_EXERCISE OBJECTIVE_
Give the data again exactly as it appears, excluding any pictures.

_DATA_

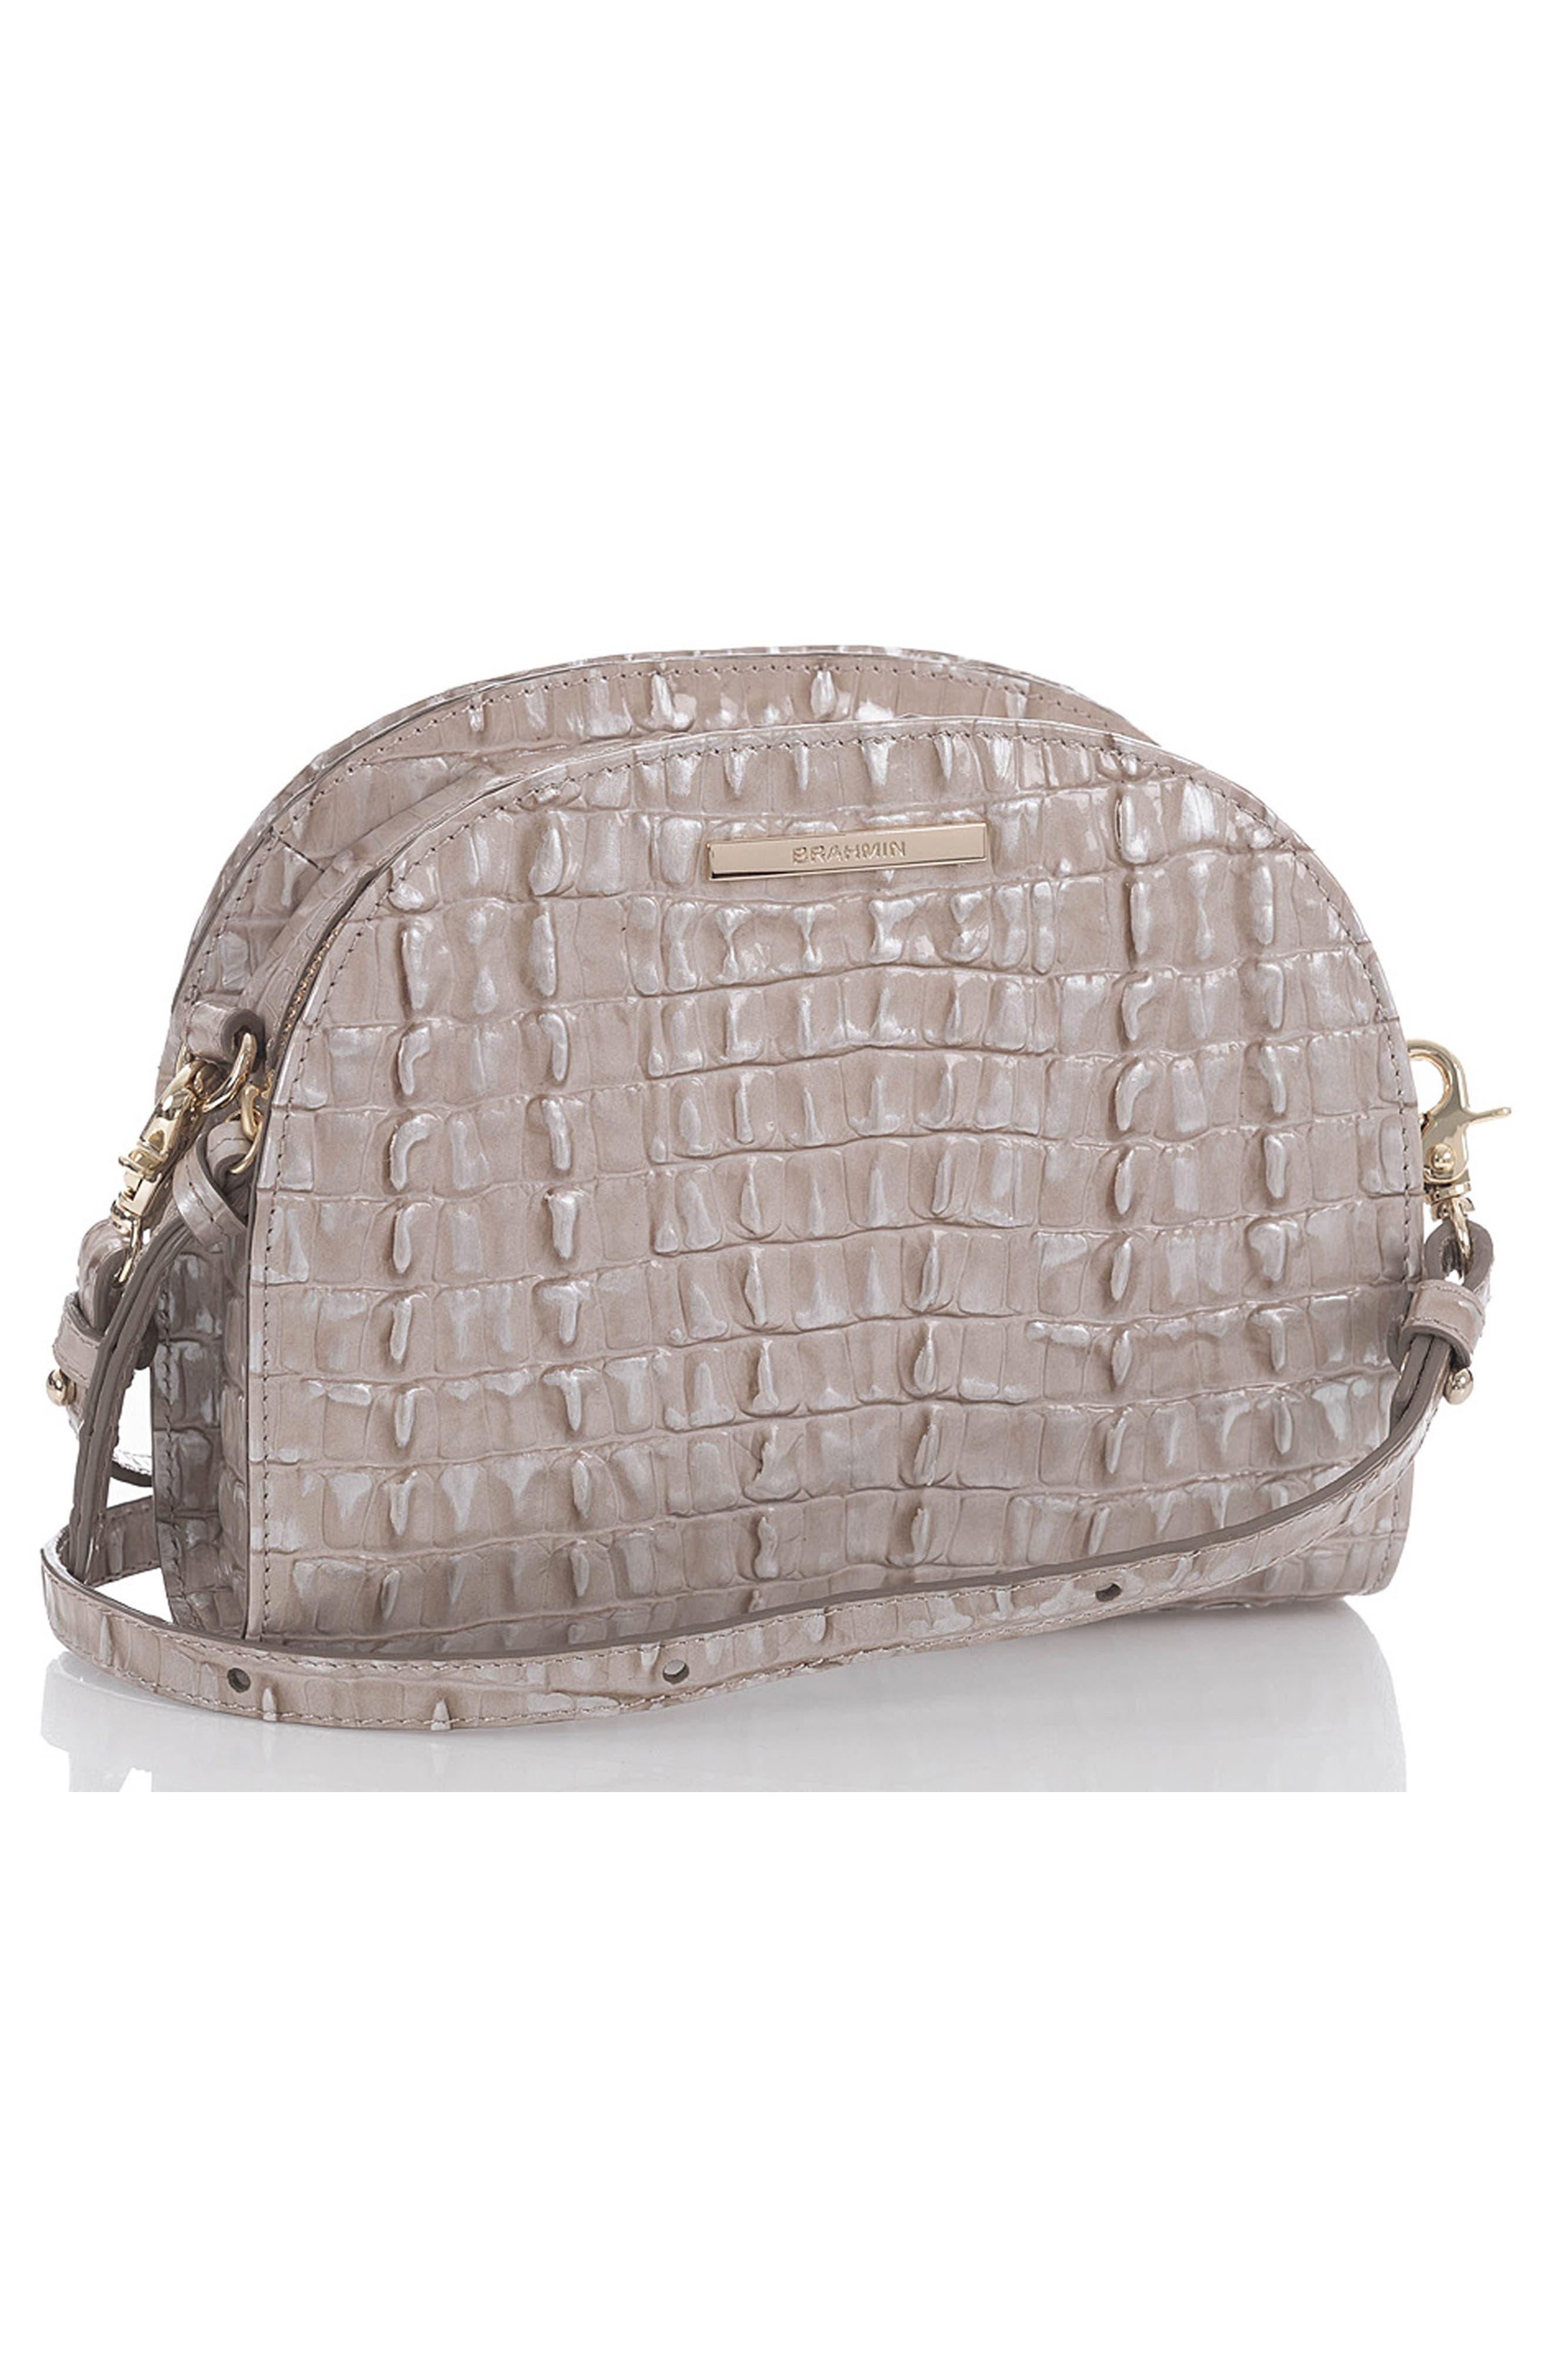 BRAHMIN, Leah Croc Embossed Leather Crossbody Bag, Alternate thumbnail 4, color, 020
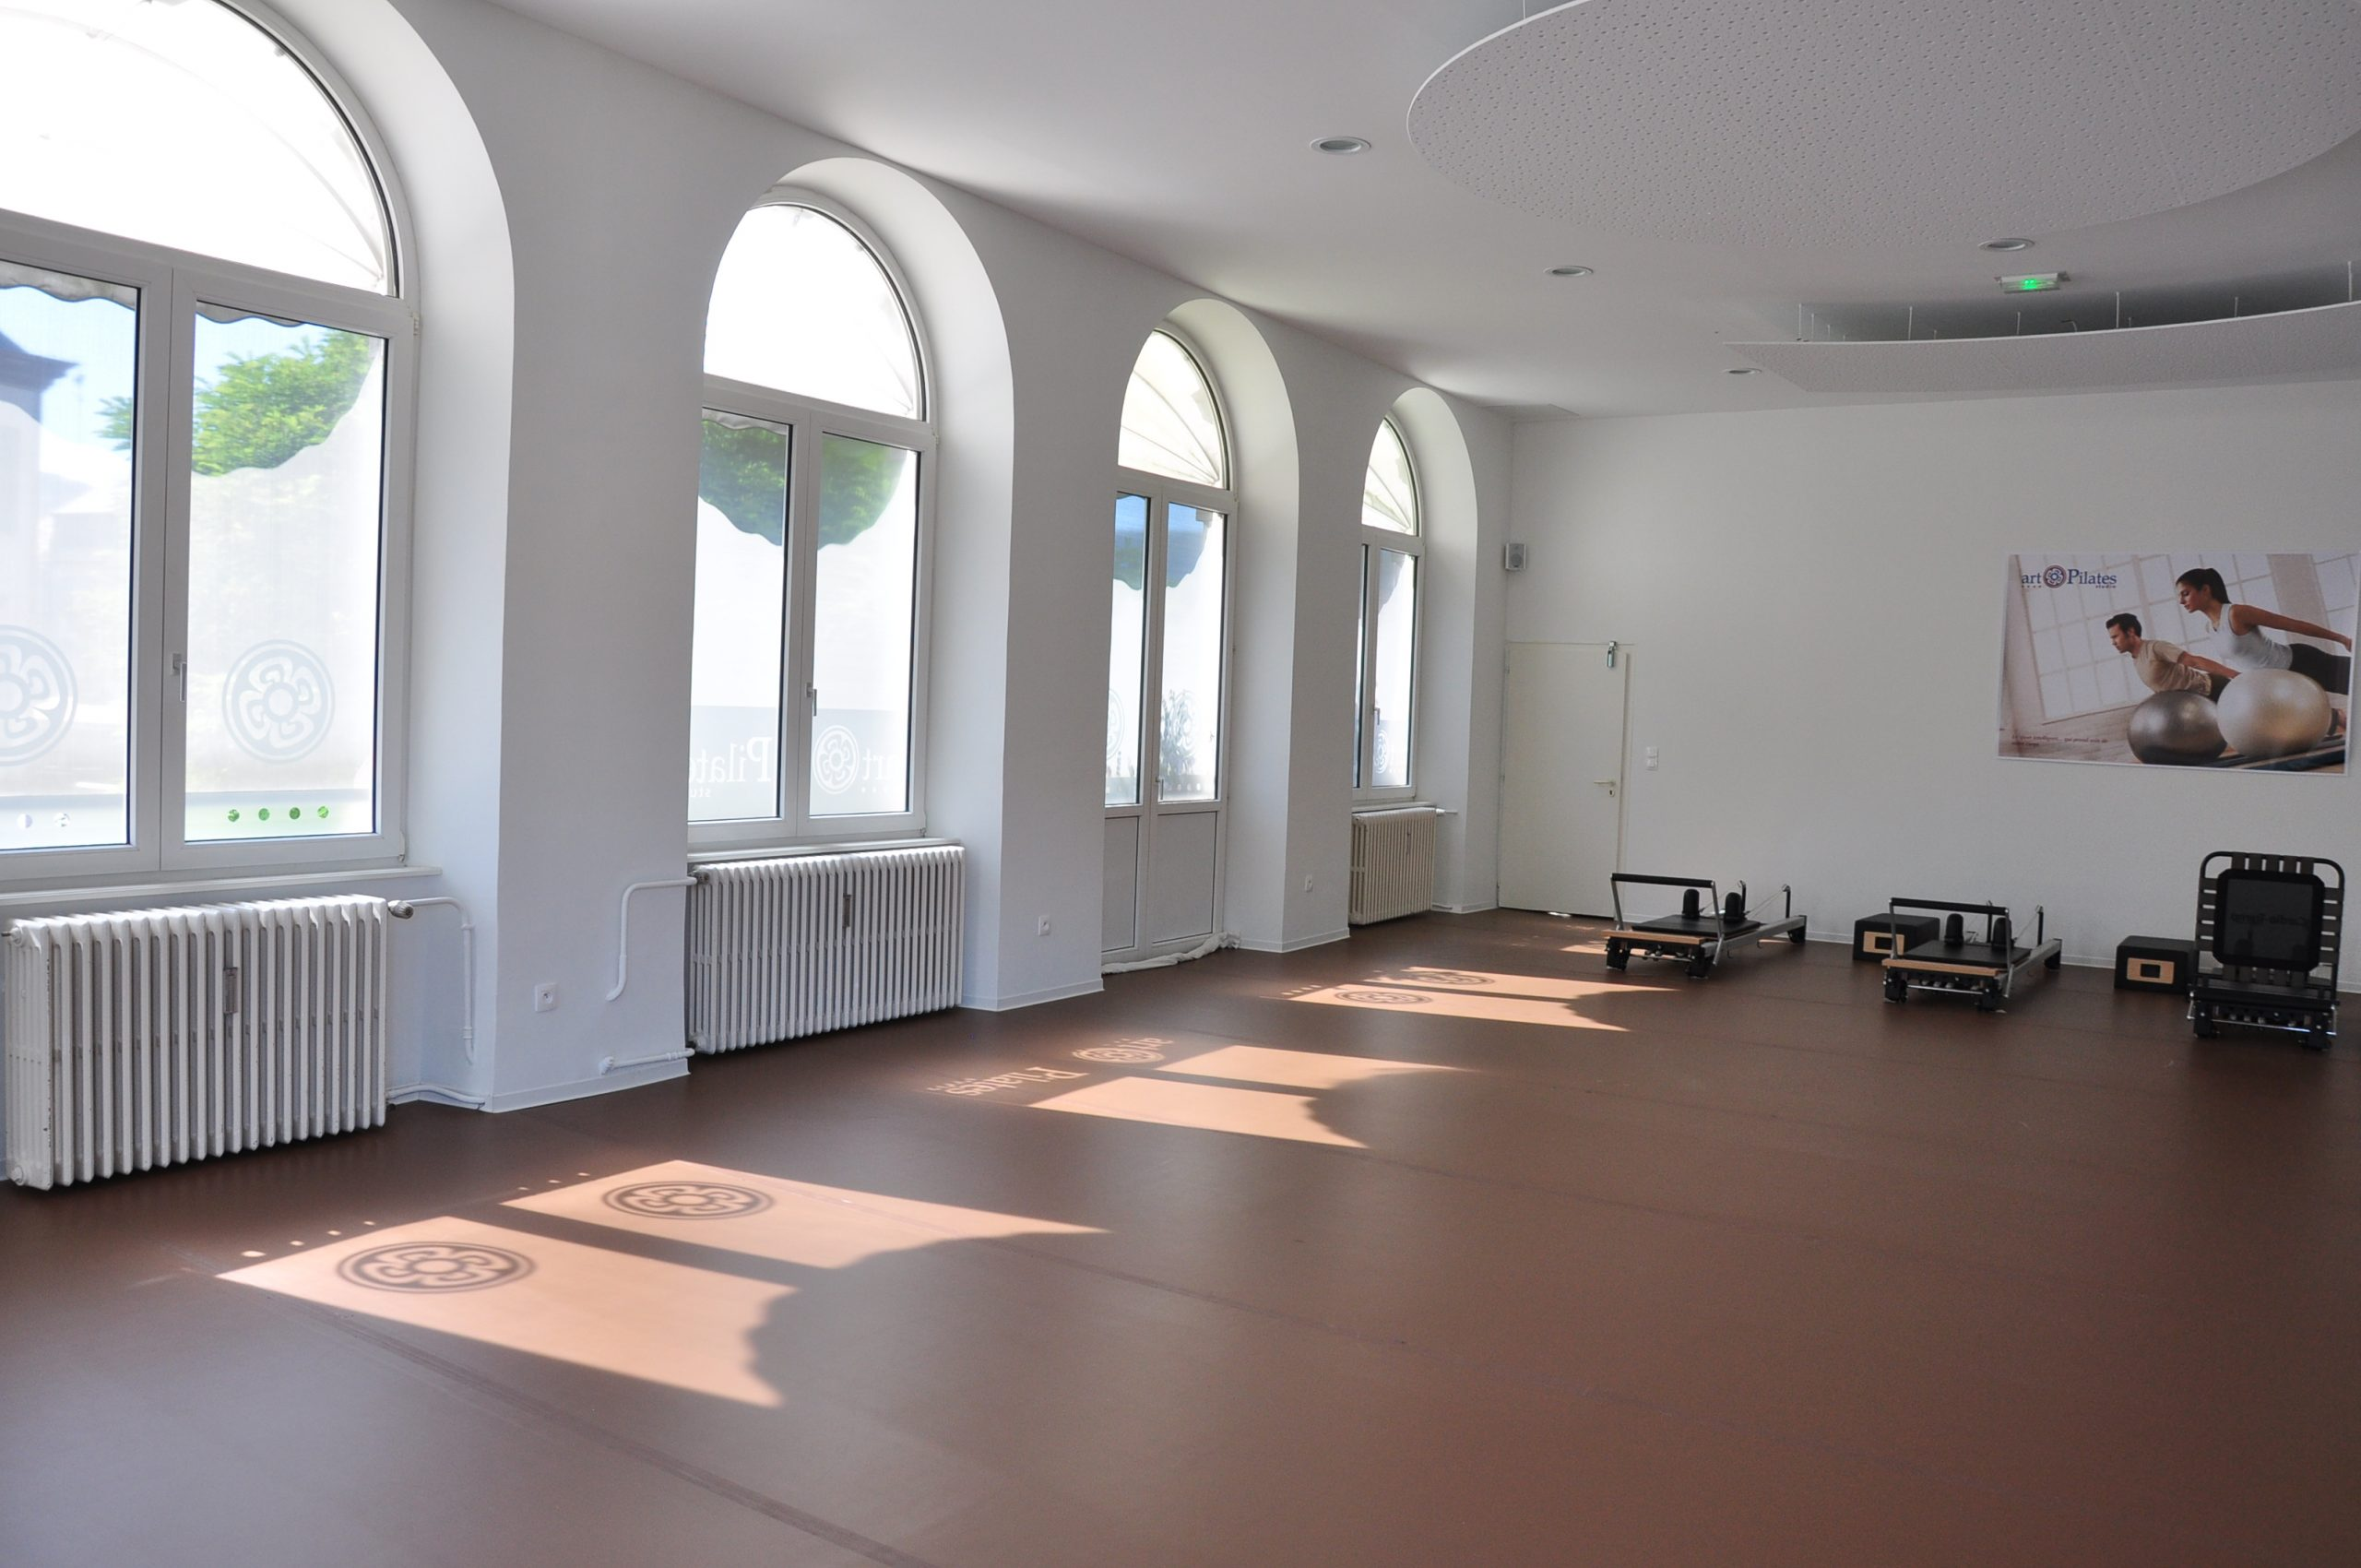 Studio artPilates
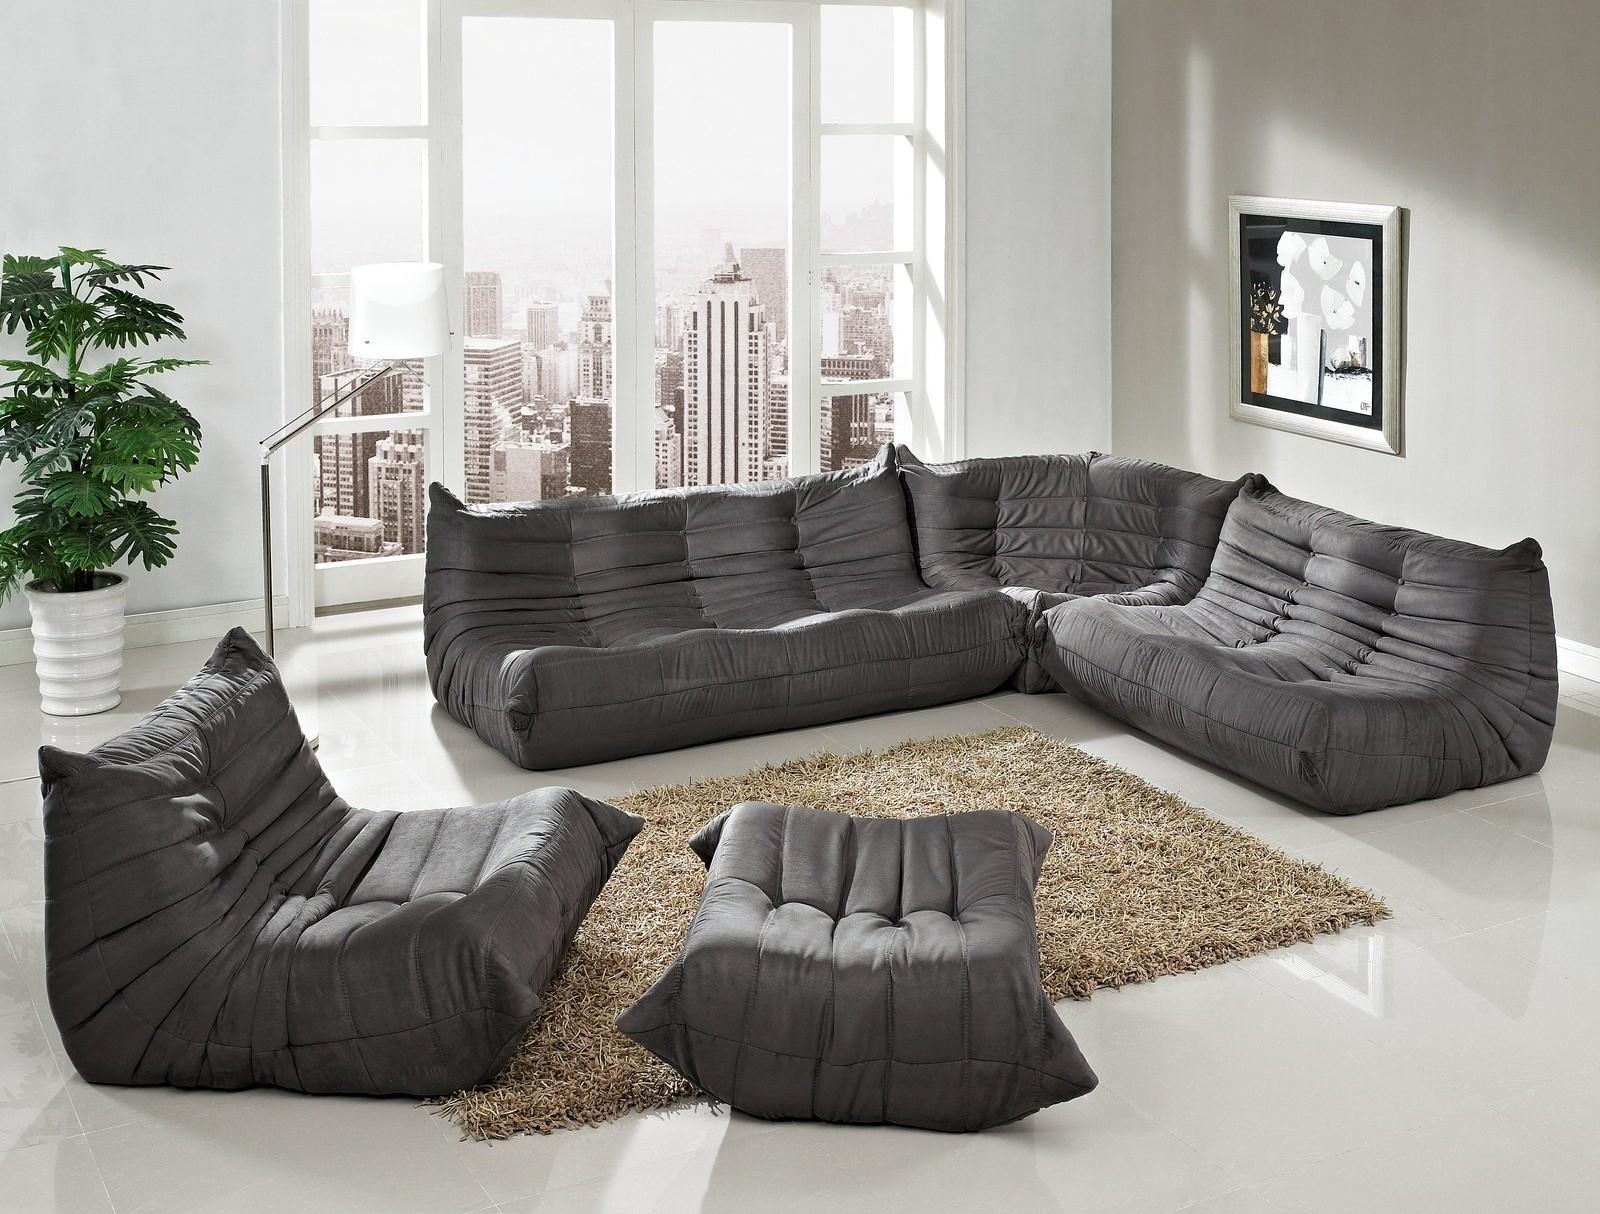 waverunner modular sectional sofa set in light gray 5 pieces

_OUTPUT FOR THIS EXERCISE_
 BRAHMIN, Leah Croc Embossed Leather Crossbody Bag, Alternate thumbnail 4, color, 020
 Studio artPilates
 waverunner modular sectional sofa set in light gray 5 pieces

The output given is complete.